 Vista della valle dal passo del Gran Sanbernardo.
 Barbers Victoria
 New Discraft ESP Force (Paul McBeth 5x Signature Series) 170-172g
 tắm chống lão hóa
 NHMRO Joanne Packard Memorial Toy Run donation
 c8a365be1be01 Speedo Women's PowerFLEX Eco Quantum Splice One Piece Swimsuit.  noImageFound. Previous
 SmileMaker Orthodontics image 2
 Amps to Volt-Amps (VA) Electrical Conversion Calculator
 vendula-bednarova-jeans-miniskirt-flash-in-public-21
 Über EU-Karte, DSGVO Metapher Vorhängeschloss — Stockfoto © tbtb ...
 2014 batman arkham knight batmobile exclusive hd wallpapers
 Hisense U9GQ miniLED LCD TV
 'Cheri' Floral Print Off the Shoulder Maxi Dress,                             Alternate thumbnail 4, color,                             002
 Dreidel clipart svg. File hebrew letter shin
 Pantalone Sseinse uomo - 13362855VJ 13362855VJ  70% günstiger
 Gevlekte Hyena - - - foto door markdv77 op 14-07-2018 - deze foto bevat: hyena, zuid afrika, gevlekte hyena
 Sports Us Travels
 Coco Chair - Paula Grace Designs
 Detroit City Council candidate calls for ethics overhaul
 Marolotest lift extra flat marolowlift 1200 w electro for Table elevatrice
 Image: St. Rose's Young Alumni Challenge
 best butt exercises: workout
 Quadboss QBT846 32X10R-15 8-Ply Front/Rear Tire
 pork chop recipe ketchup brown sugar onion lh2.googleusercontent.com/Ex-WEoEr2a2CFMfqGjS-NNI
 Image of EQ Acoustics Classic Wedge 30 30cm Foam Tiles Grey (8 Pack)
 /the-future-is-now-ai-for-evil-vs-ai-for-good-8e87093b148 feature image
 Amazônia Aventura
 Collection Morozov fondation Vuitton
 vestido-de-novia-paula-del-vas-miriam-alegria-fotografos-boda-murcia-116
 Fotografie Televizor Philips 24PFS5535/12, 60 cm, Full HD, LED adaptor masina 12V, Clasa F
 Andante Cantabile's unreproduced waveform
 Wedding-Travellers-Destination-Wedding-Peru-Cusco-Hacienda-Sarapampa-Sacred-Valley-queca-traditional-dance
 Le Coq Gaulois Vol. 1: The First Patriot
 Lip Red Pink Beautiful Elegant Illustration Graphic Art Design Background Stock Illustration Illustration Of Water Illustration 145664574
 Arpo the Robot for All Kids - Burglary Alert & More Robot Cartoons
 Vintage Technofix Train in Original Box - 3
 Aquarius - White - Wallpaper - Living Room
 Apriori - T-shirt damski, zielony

..............................

# REQUIREMENT:
The response should consist of all the entries, reproduced word for word.

# TASK ANSWER:
 Vista della valle dal passo del Gran Sanbernardo.
 Barbers Victoria
 New Discraft ESP Force (Paul McBeth 5x Signature Series) 170-172g
 tắm chống lão hóa
 NHMRO Joanne Packard Memorial Toy Run donation
 c8a365be1be01 Speedo Women's PowerFLEX Eco Quantum Splice One Piece Swimsuit.  noImageFound. Previous
 SmileMaker Orthodontics image 2
 Amps to Volt-Amps (VA) Electrical Conversion Calculator
 vendula-bednarova-jeans-miniskirt-flash-in-public-21
 Über EU-Karte, DSGVO Metapher Vorhängeschloss — Stockfoto © tbtb ...
 2014 batman arkham knight batmobile exclusive hd wallpapers
 Hisense U9GQ miniLED LCD TV
 'Cheri' Floral Print Off the Shoulder Maxi Dress,                             Alternate thumbnail 4, color,                             002
 Dreidel clipart svg. File hebrew letter shin
 Pantalone Sseinse uomo - 13362855VJ 13362855VJ  70% günstiger
 Gevlekte Hyena - - - foto door markdv77 op 14-07-2018 - deze foto bevat: hyena, zuid afrika, gevlekte hyena
 Sports Us Travels
 Coco Chair - Paula Grace Designs
 Detroit City Council candidate calls for ethics overhaul
 Marolotest lift extra flat marolowlift 1200 w electro for Table elevatrice
 Image: St. Rose's Young Alumni Challenge
 best butt exercises: workout
 Quadboss QBT846 32X10R-15 8-Ply Front/Rear Tire
 pork chop recipe ketchup brown sugar onion lh2.googleusercontent.com/Ex-WEoEr2a2CFMfqGjS-NNI
 Image of EQ Acoustics Classic Wedge 30 30cm Foam Tiles Grey (8 Pack)
 /the-future-is-now-ai-for-evil-vs-ai-for-good-8e87093b148 feature image
 Amazônia Aventura
 Collection Morozov fondation Vuitton
 vestido-de-novia-paula-del-vas-miriam-alegria-fotografos-boda-murcia-116
 Fotografie Televizor Philips 24PFS5535/12, 60 cm, Full HD, LED adaptor masina 12V, Clasa F
 Andante Cantabile's unreproduced waveform
 Wedding-Travellers-Destination-Wedding-Peru-Cusco-Hacienda-Sarapampa-Sacred-Valley-queca-traditional-dance
 Le Coq Gaulois Vol. 1: The First Patriot
 Lip Red Pink Beautiful Elegant Illustration Graphic Art Design Background Stock Illustration Illustration Of Water Illustration 145664574
 Arpo the Robot for All Kids - Burglary Alert & More Robot Cartoons
 Vintage Technofix Train in Original Box - 3
 Aquarius - White - Wallpaper - Living Room
 Apriori - T-shirt damski, zielony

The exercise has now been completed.